* [Dataset extract]:
--------
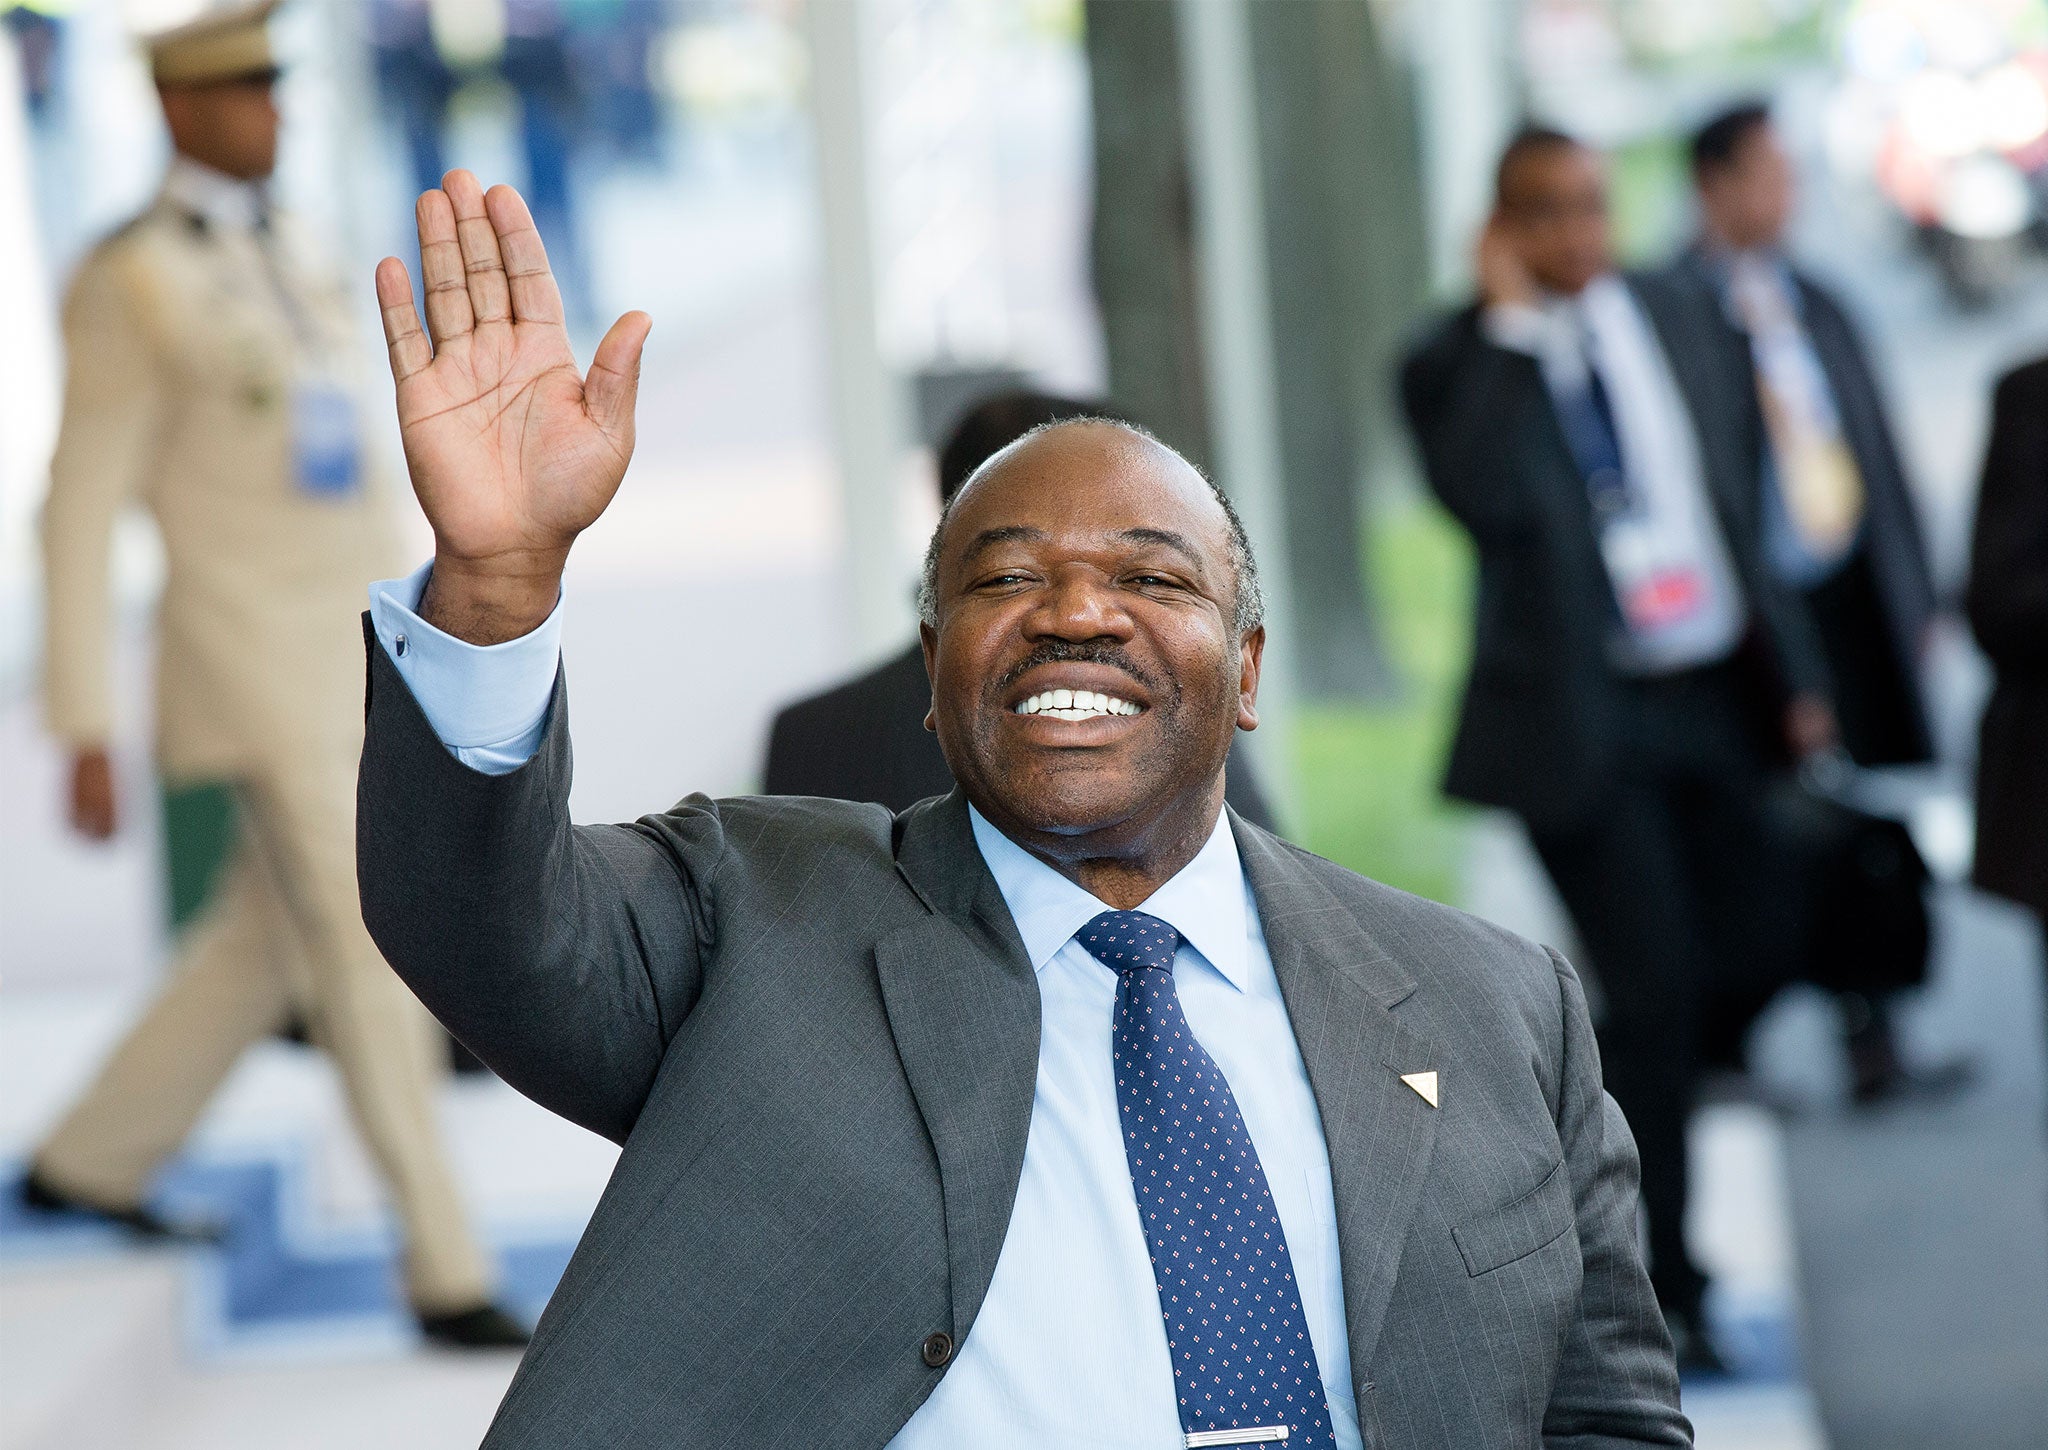 President of Gabon Ali Bongo Ondimba, who has signalled his desire to protect his country's elephants
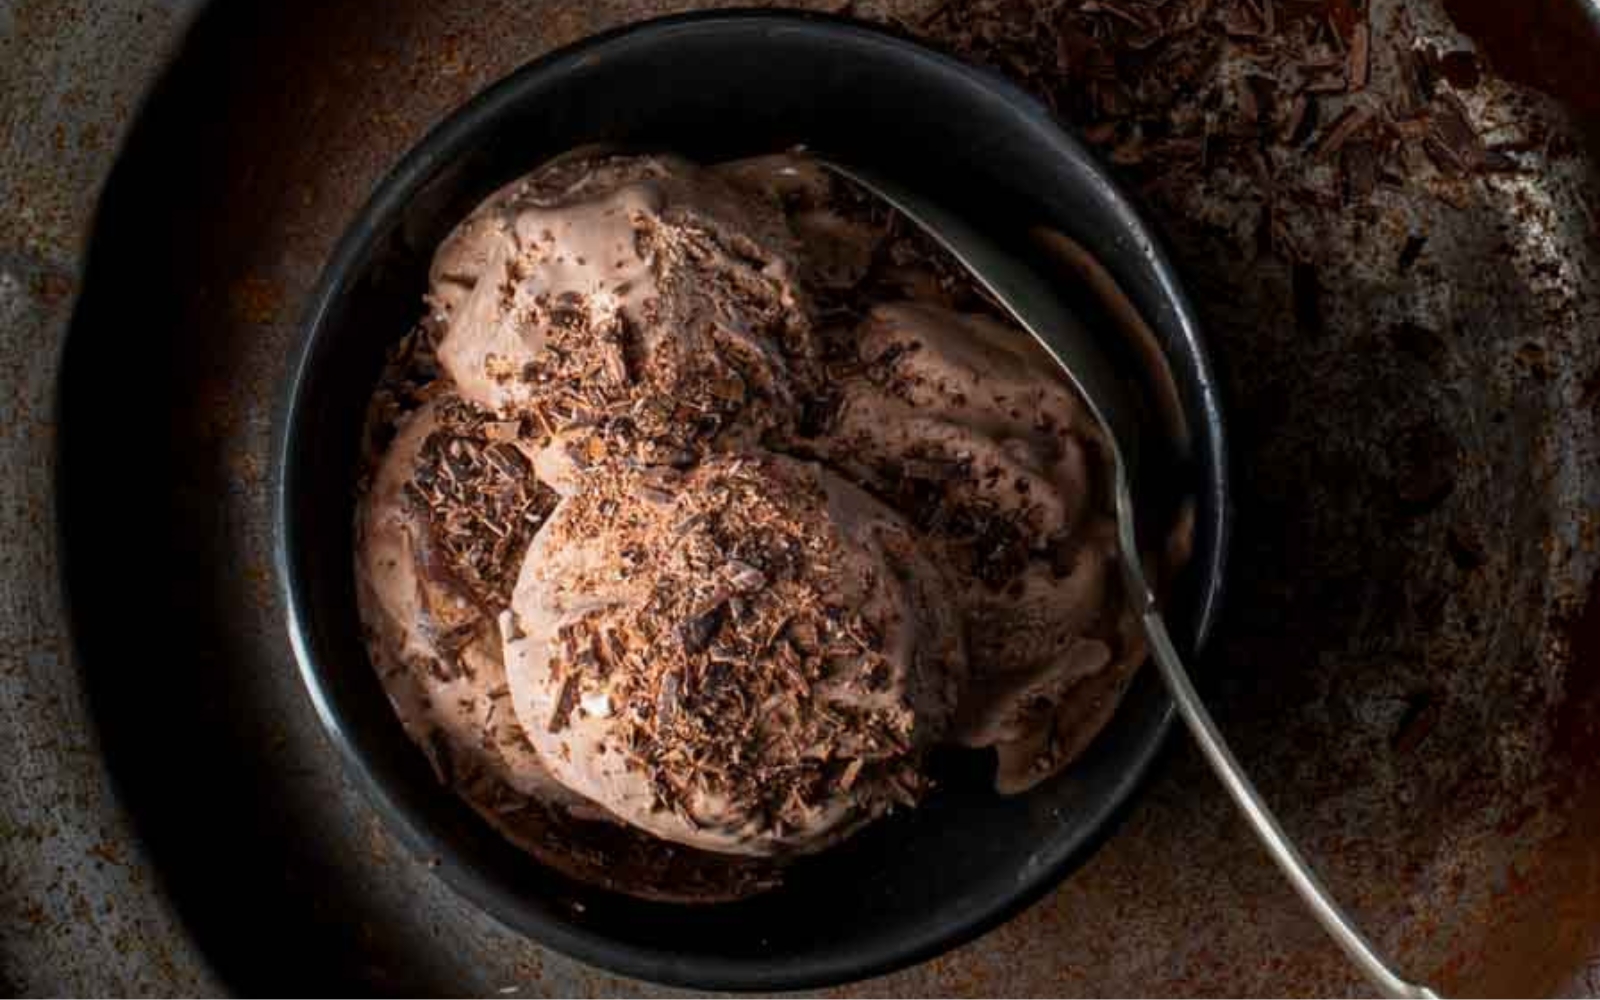 small bowl of chocolate ice cream with chocolate shavings
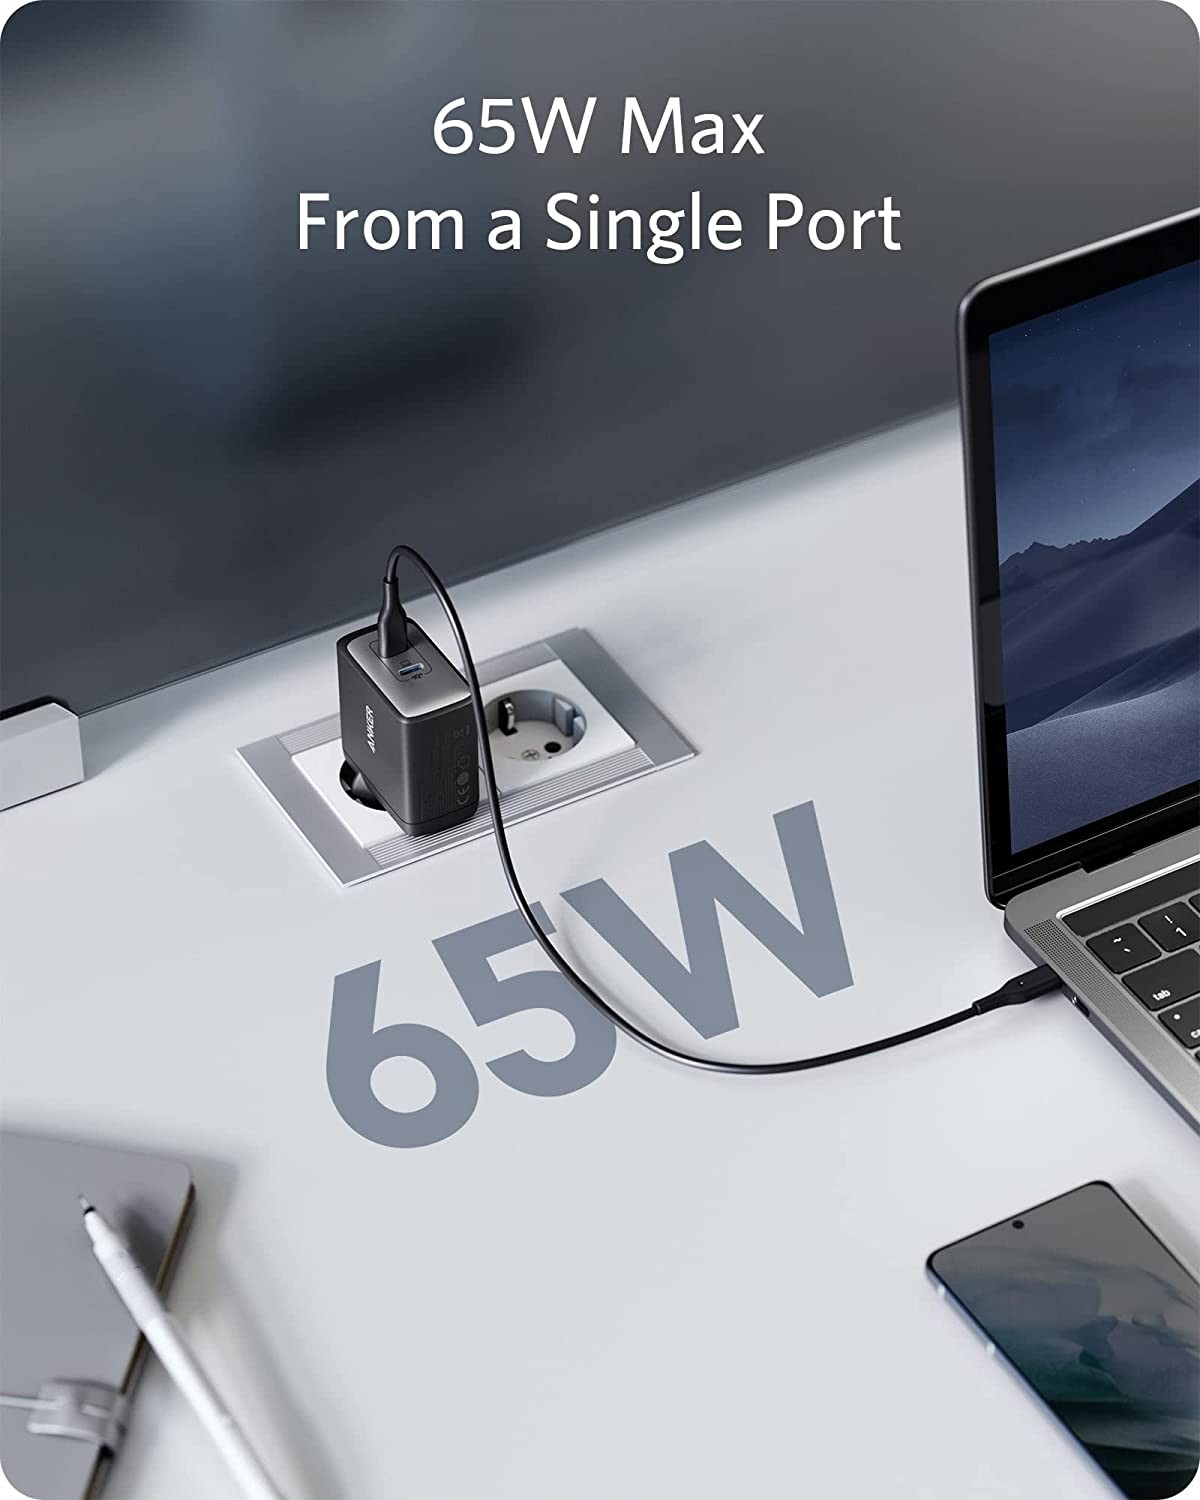 Anker PowerPort III 65 W 2 Ports USB-C Chargeur Compact avec Puissance de Charge Rapide, Compatible avec MacBook Pro/Air, iPad Pro, Galaxy S20/S10, Dell XPS 13, Note 20/10+, iPhone 13/12, Pixel
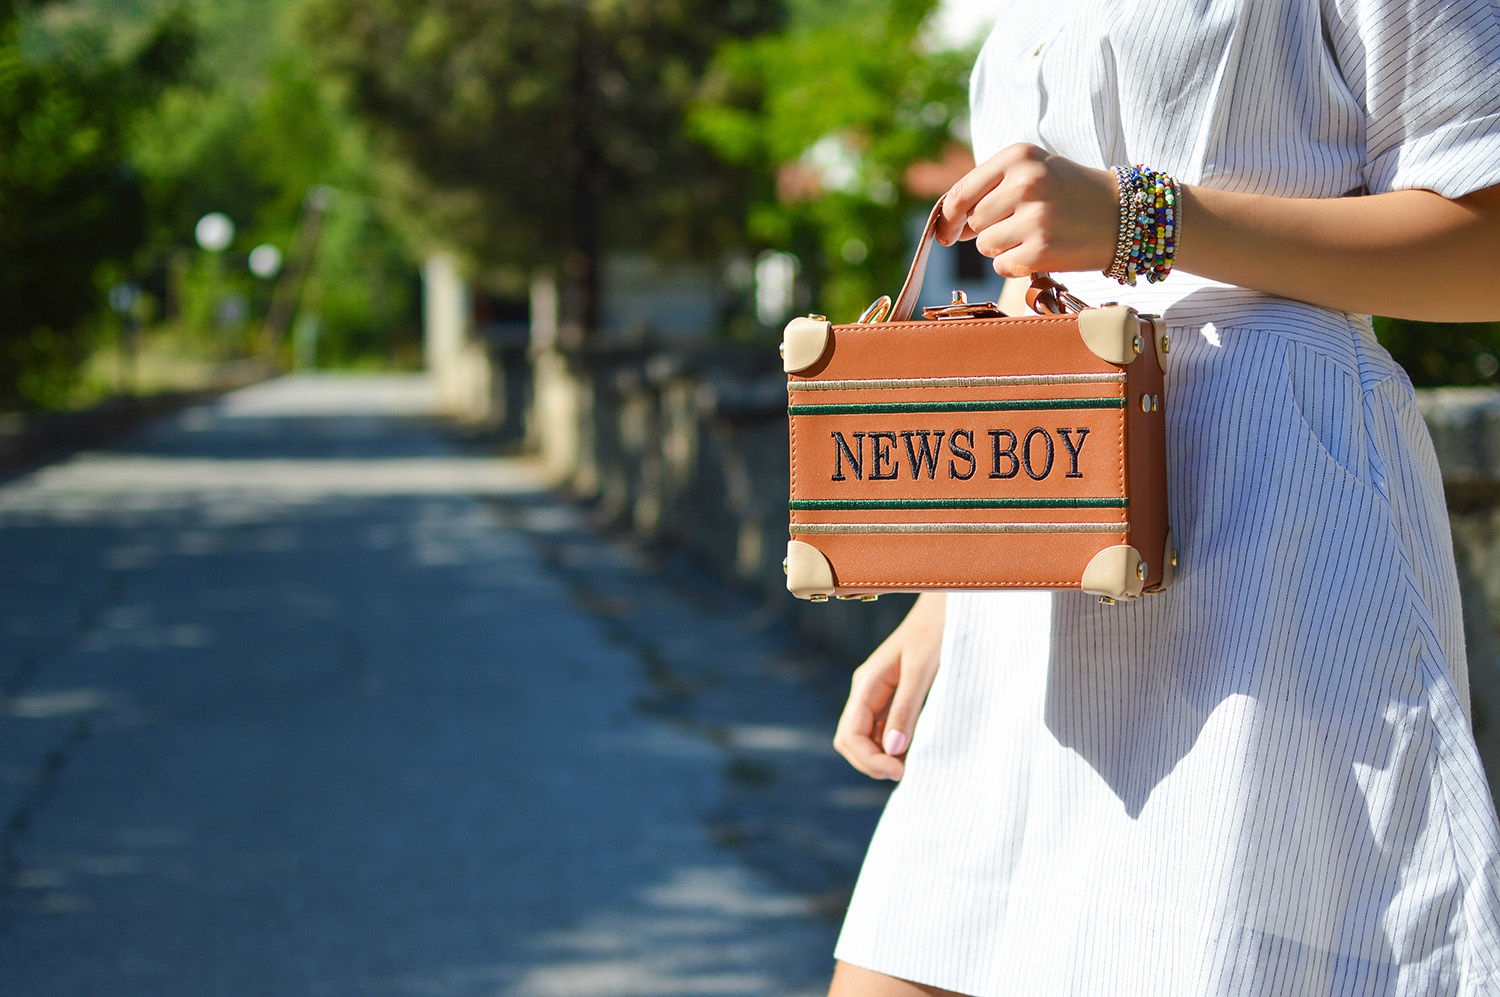 News Boy by Tamara Bellis
--------
* [About this task]:
Since the pictures are not wanted, transcribe the rest of the listing above exactly.

* [Response]:
 President of Gabon Ali Bongo Ondimba, who has signalled his desire to protect his country's elephants
 small bowl of chocolate ice cream with chocolate shavings
 Anker PowerPort III 65 W 2 Ports USB-C Chargeur Compact avec Puissance de Charge Rapide, Compatible avec MacBook Pro/Air, iPad Pro, Galaxy S20/S10, Dell XPS 13, Note 20/10+, iPhone 13/12, Pixel
 News Boy by Tamara Bellis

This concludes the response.